Secondly, they are multiplayer. Unlike solitaire games, these games require and facilitate many players to think and strategise with each other, inevitably facilitating social connections which feed a deep need of the human heart. This quest for relationships is further fuelled by the fact that these players, often strangers to each other are experiencing mutual support in their common goal. As advancement in the game also requires team effort, indirect peer pressure is a closely-related reason why players have to spend many hours in the game. Each player has to be responsible in advancing his character’s potency so as to make the team stronger. Those who cannot keep up with the pace are barred from participating in certain quests which requires more advanced characters.

Thirdly, as these games require each individual to take on specific roles (such as damagers or healers), it gives the players a purpose.

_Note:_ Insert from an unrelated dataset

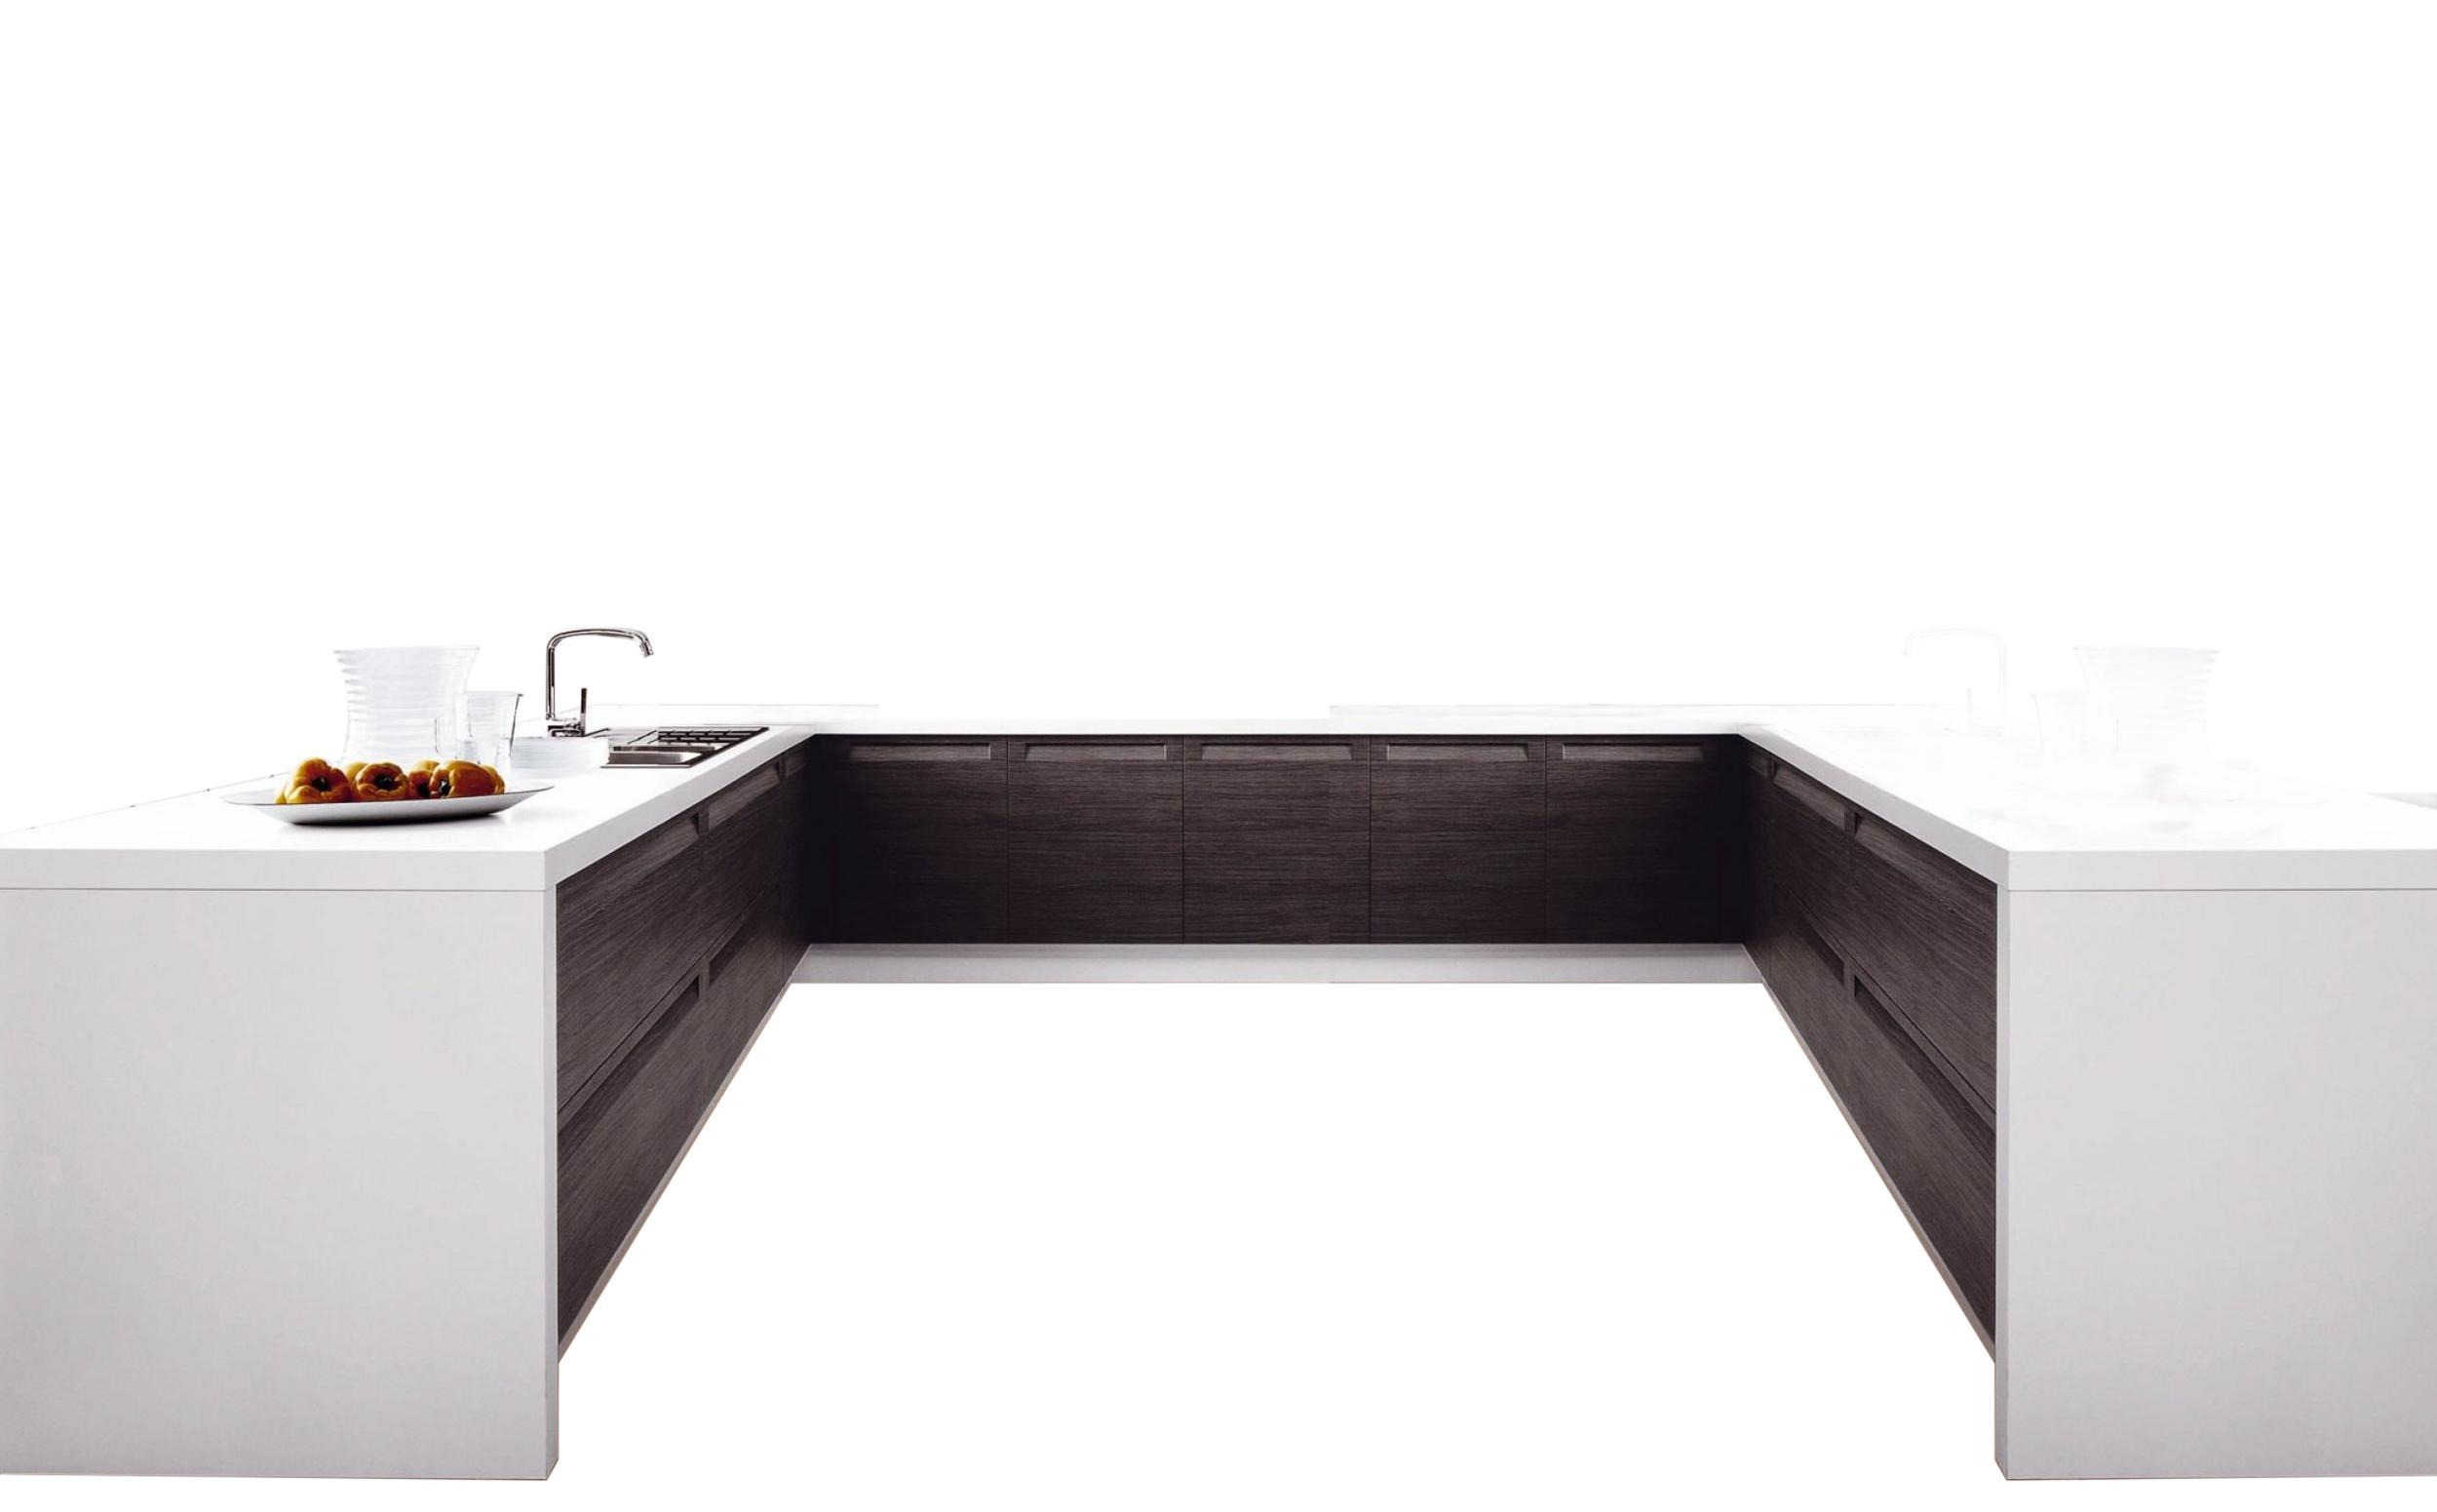 ideas-kitchen-minimalist-u-shaped-modern-kitchen-design-with-black-and123.png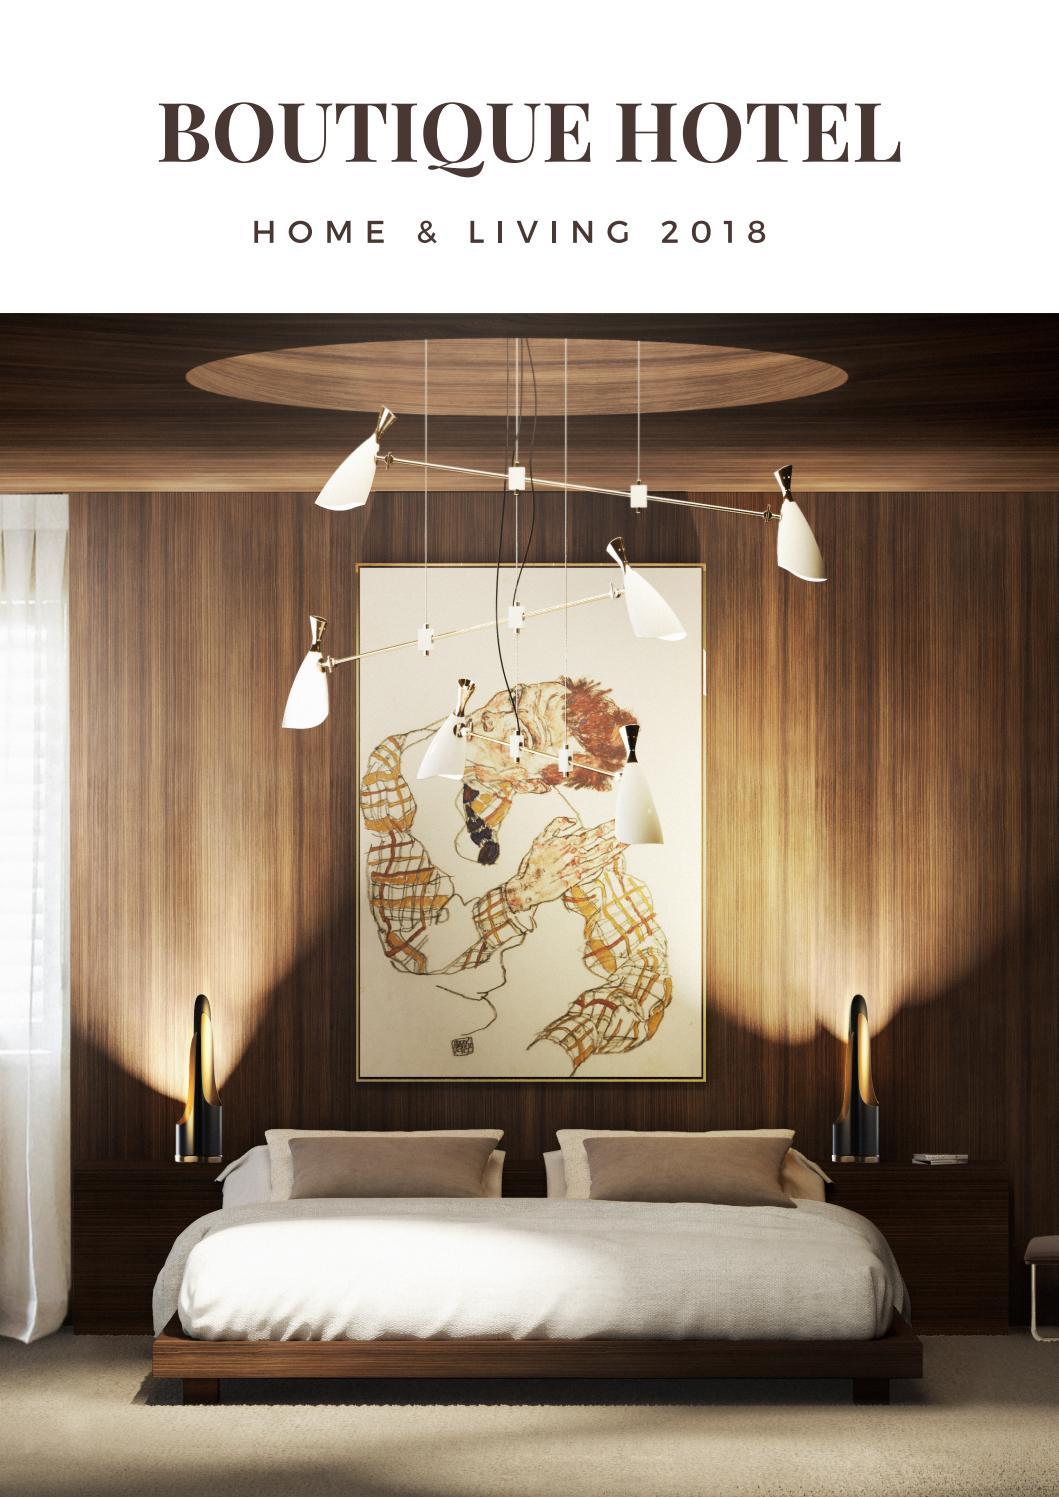 Boutique hotel home living 2018 by home living for Designhotel duderstadt

For adolescents, these roles fulfil what Erikson (a famous developmental psychologist) identified as an important need in this phase of life i.e. formation of their identity. For older adults who have not been particularly successful in real life, (lacking job security or relationship intimacy) these games provide a much-needed meaningful purpose and are refreshing as they go on their missions to kill monsters, destroy strongholds and free hostages. Best of all, the players feel invincible and indestructible since they can be restored back to life even when they are mortally wounded.

What then can be done to help these addicted gamers? As in other addictions, the first step is to help the person recognise that he (most of the gamers are males) has a problem. One way is to discuss objectively with him the symptoms that are associated with gaming addiction i.e. preoccupation, tolerance, escapism, moodiness, and loss of jobs or career opportunity.

Secondly, strict measures have to be adopted to tackle the addiction. Depending on the severity, it may mean either decrease of playtime or stopping altogether. Parents also have to take into the consideration the age and personality of the child in meting out the appropriate approach. It may not be effective for parents of older and strong-willed adolescents to uninstall the gaming software against their will.

While enforcement of discipline is needed, there is also the need for understanding and support on the part of parents. When their children stop playing the games, it also means that they have to cut themselves from a major social support system – fellow gamers that they have been collaborating in the virtual world.  This then lead us to another important step in extinguishing the addictive behaviour i.e. find a suitable replacement to counteract their loss e.g. new hobbies, sports or other social activities. Sending him for extra tuition cannot be included in this list as it does not give them the zest and oomph to keep their minds off the MMORPGs.

If the above remedies prove difficult to implement, consider seeking professional help.